European Medicines Agency plans public access to information on side effects
The European Medicines Agency has published its plans for granting public access to the information held in its databases of the potential side effects of human and veterinary medicines.
The two policies published today explain the Agency's plans to release information held in its EudraVigilance and EudraVigilance Veterinary databases. These are the central repositories for reports of suspected adverse reactions related to medicines authorised in the European Economic Area and medicines being studied in clinical trials.
For human medicines, the Agency plans to produce monthly reports summarising the information held in EudraVigilance for all medicines authorised centrally via the Agency by the end of this year, extending this to searchable reports for all medicines by the end of 2012.
The Agency plans to make further improvements to the search and data-output functions and to supply the pharmaceutical industry with access to tools allowing the detection and analysis of signals on adverse reactions to human medicines by 2015, subject to budget being available.
For veterinary medicines, the Agency aims to produce monthly reports summarising the information held in EudraVigilance Veterinary, initially for all medicines authorised centrally. Currently, it plans to implement this in 2012, although this is subject to adequate resources being made available.
Marketing-authorisation holders will also have access to facilities for performing surveillance analysis as part of the development of EudraVigilance Veterinary 3, currently scheduled for delivery by the end of 2013.

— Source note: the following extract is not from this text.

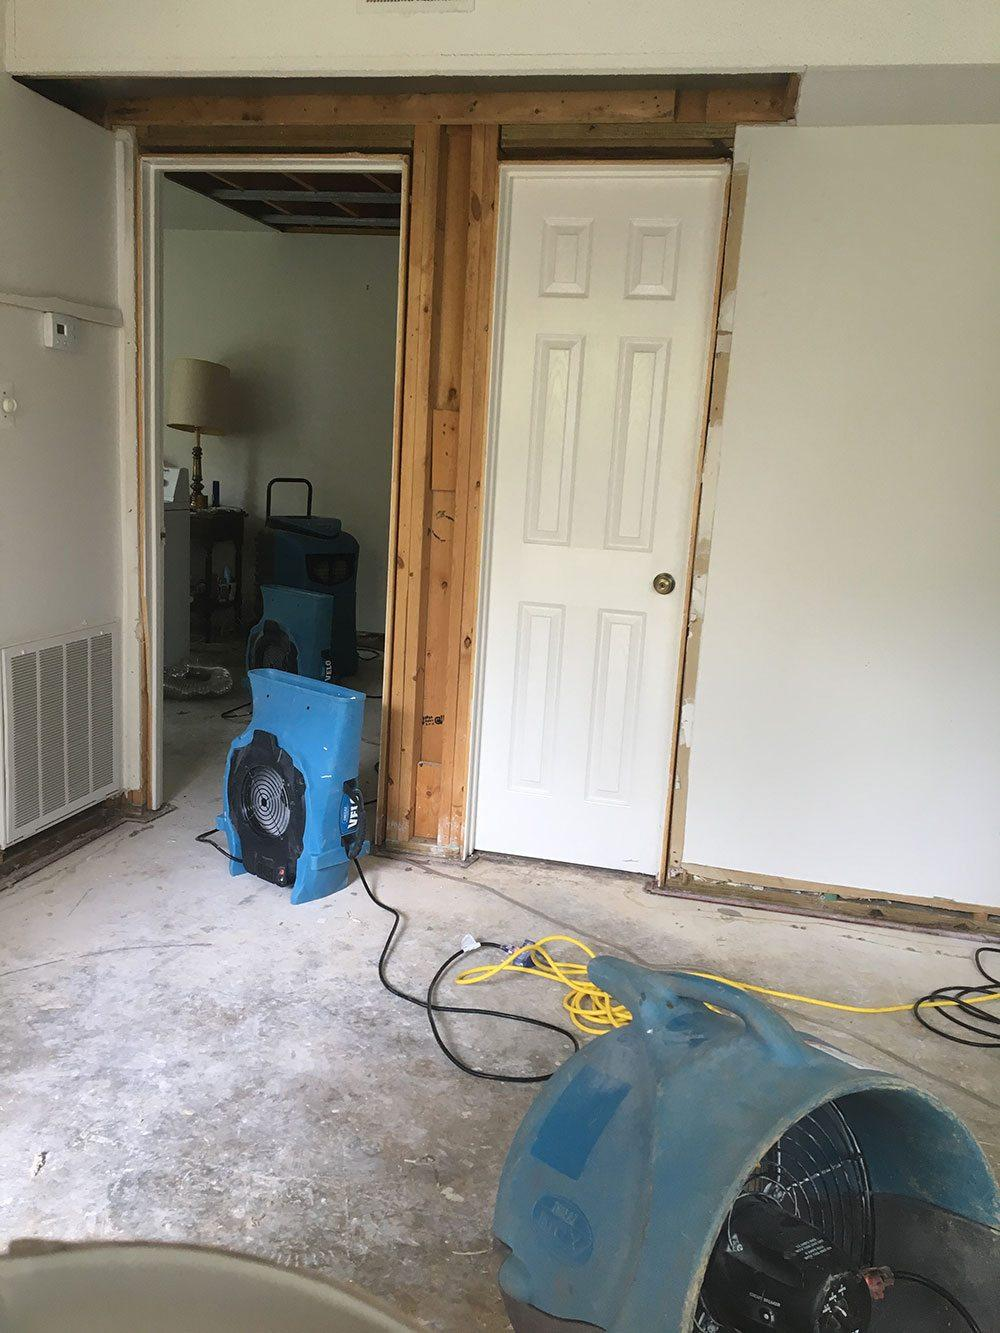 Washing Machine Condo Flood in Cary, NC 1

For both human and veterinary medicines, the Agency will consider providing access to data for research purposes on a case-by-case basis, in line with its objective of protecting public health.
The access policies were developed as part of the Agency's ongoing drive to increase its levels of transparency. They aim to contribute to the protection of human and animal health, by providing the Agency's stakeholders, including other medicines regulatory authorities, healthcare professionals, patients, consumers, the pharmaceutical industry and research organisations, with as much information as possible from these databases. They also take European Union legislation on the protection of personal data into account.
The Agency prepared the policies with input from its stakeholders. It has also prepared an explanatory note for the policy on human medicines to give additional information on its implementation.